Bokan screwed up his face into a frown. She meant well, by the cunning of Yob, she meant well. Tall folk always meant well. He shook his head and returned his attention to the door.
“How many parties do you think this door’s killed?” he asked.
Emera shrugged loudly and leaned on the haft of her hammer. It was Lilian that piped up. The green-robed elf stood tall, though she was markedly shorter than Emera, even when Emera was not standing at her full height. Lillian shifted uneasily as she fiddled with the clasp on her bag filled to the brim with both loose spell book pages and scroll cases amongst other magical knick-knacks.
“There’s no way to know,” the lore keeper said.
“Exactly,” Bokan replied. “There’s no way. All we have is this.” He pointed to the door. “This.” He pointed to the stone floor. “And this.” He pointed to the drip. 
Dri-drip. Dr-drip. Dr-drip.
A long moment washed over all of them. Emera was the first to break the silence. 
“You also have me!” Emera declared.
“We have you,” Bokan agreed, “but a hammer isn’t always the answer and not every nail is a question.”
“Emmy-- I mean! Emera is often an entirely serviceable answer,” Lillian said as she adjusted her spectacles, failing to hide the redness rising in her cheeks. Emera flexed proudly at the praise.
“It’s true,” Bokan agreed again, not hearing the change of pitch in Lillian’s squeaking reply, “but I don’t want to bet our lives on that more often than I have to.”
Lilian nodded, but Emera’s expression now matched Bokan’s, though for different reasons, he was sure. “But I would,” Emera said.
“And that’s what makes you good at what you do, but do remember what makes me good at what I do.”
Emera chortled, always enjoying this response. “You are very small and very clever. You are good at understanding things that are like you.”
Bokan sighed, as he always did at this, because she wasn’t wrong. He fidgeted with his jerkin in impatience. “And what else?”

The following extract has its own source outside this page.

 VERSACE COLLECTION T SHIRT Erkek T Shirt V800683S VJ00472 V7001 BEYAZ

“Because you can point to a door, the floor, and some dripping water.”
Bokan rolled his eyes, as was custom in this exchange. “Close enough.” Bokan paced around the landing before the door while talking. “So look, let’s start with what we have and then we can move on to what we don’t. The door’s made of brass, right?”
“Ferrous, of iron,” Lillian chimed. 
“Means it holds heat and lightning. But look at the door: no wear or deformation, so nothing’s running through it. Look at the floor: no scorch; no sizzle. Maybe the trap’s magical, but mechanical? No sign of alchemy for lightning or flame. Then the drip.”

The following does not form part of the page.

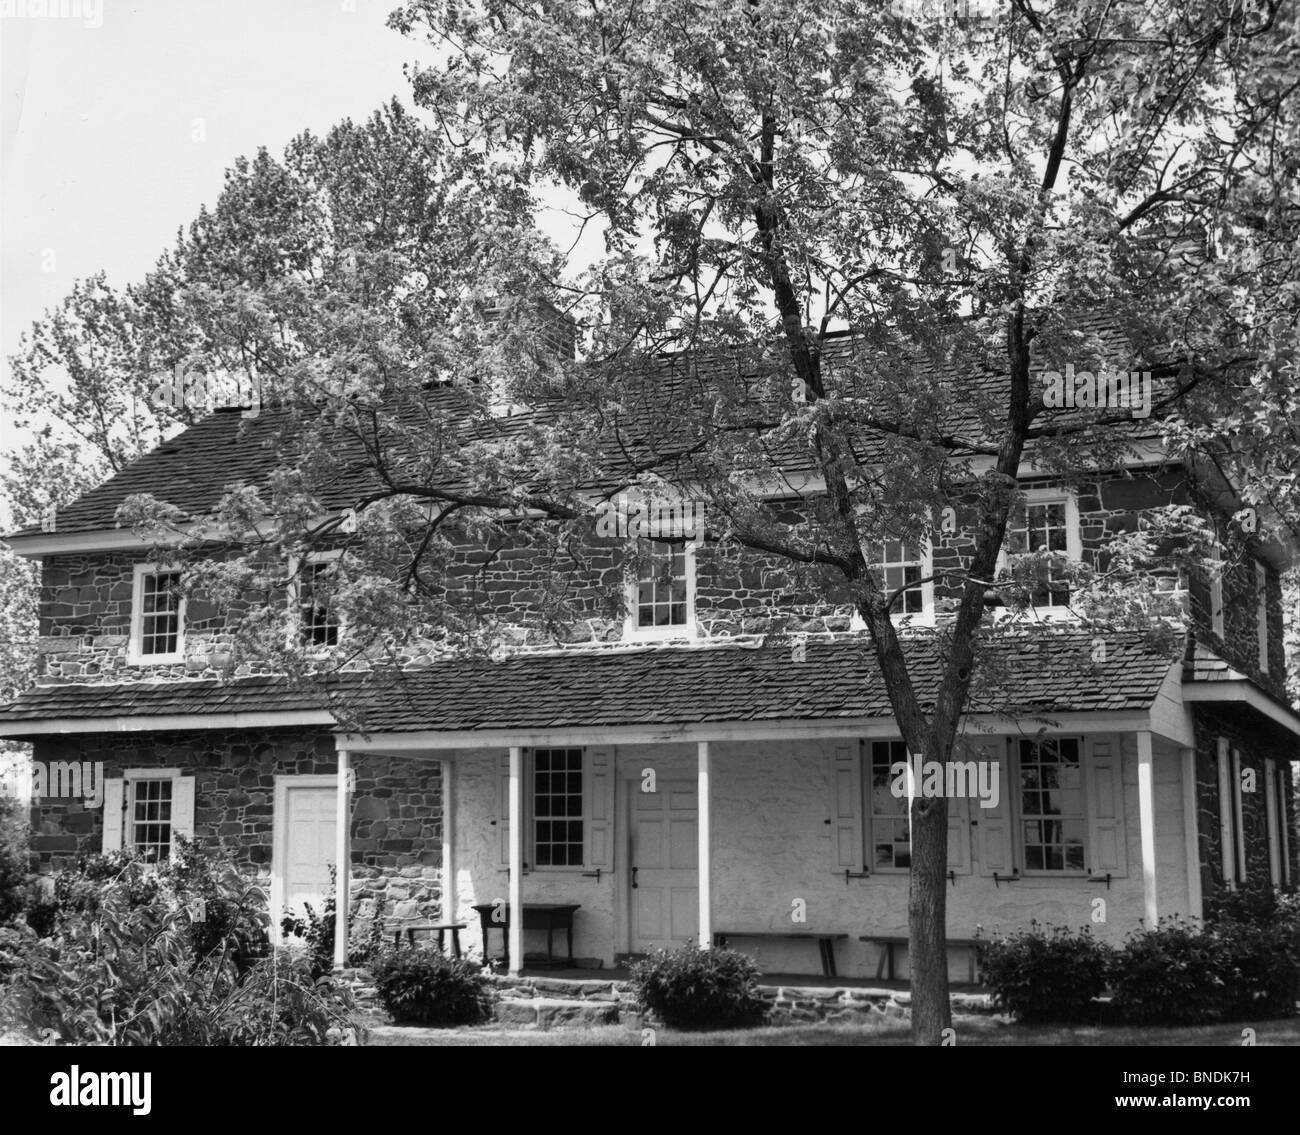 Fassade eines Hauses, Daniel Boone Homestead, Pennsylvania, USA, 1734 Stockbild

“Depth, maybe from condensation? So from cold to hot? Or maybe it’s just wet here? The temperature doesn’t feel different here than the rest of the dungeon; neither more nor less humid.”

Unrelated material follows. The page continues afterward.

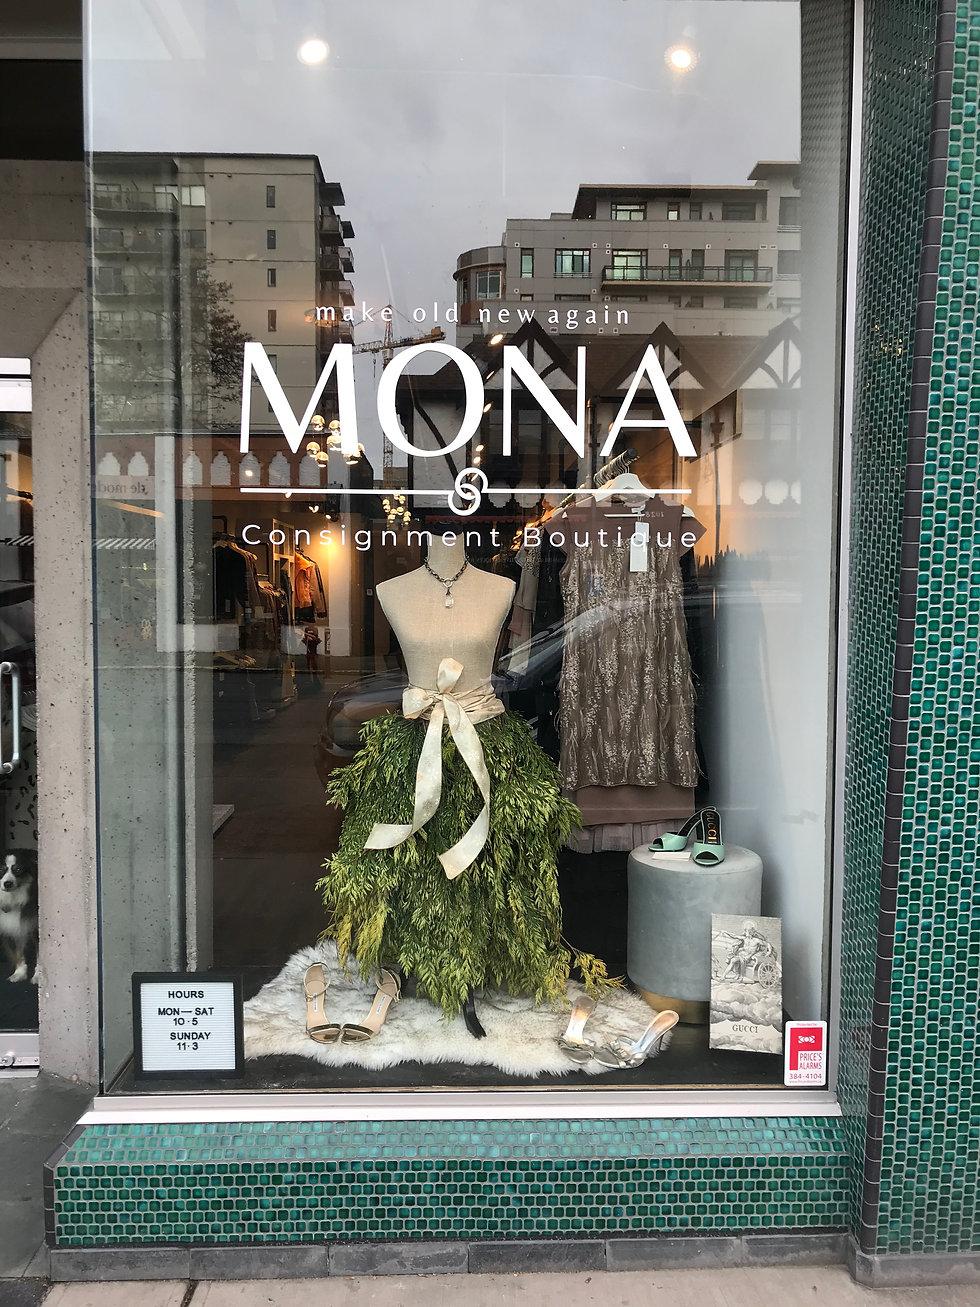 MONA Consignment.JPG

“Right, so is there a difference in temperature on the other side? If so, why? We don’t know. And then back to the door. Lillian: confirming the door didn’t ping for you, right?”
“Exactly right. No spells detected.” Bokan loved when Lillian and he got to talking shop. Emera groaned, as she always did when the two dungeoneering scholars got to talking this way, and took a few practice swings with her namesake hammer in the door’s direction.
“So lack of magic confirms it’s mechanical, especially given the door’s appearance, but look: the floor has no scrapes or scratches, nor any of the other stones around us. There’s no slideaways, trapdoors, or kill holes and if the door has no magical properties to hide those things, thank you, again, Lillian, what does the door even kill you with? Can a trap be neither magical or mechanical? And that’s not even getting back on the topic of the dripping!”
“I’m sorry?” Lillian asked.
“It’s driving me up the wall.”
Dri-drip. Dr-drip. Dr-drip.
Emera snorted. Lillian sighed.
“So what does it all mean?”
Bokan turned back to the party and they all exchanged pensive looks. Bokan, exacting in self-serious intensity; Emera, the gears in her head visibly turning on her face as she mouthed her logic to herself quietly; Lillian, her eyes shut tight as she quietly recalled all of the information piece by piece in silence while plumbing the depths of her studies for some morsel of applicable knowledge that could divine just what in the Wild this door could be protected by.
Emera snapped her fingers in revelation. “That means the door’s safe! It’s just a fancy door!”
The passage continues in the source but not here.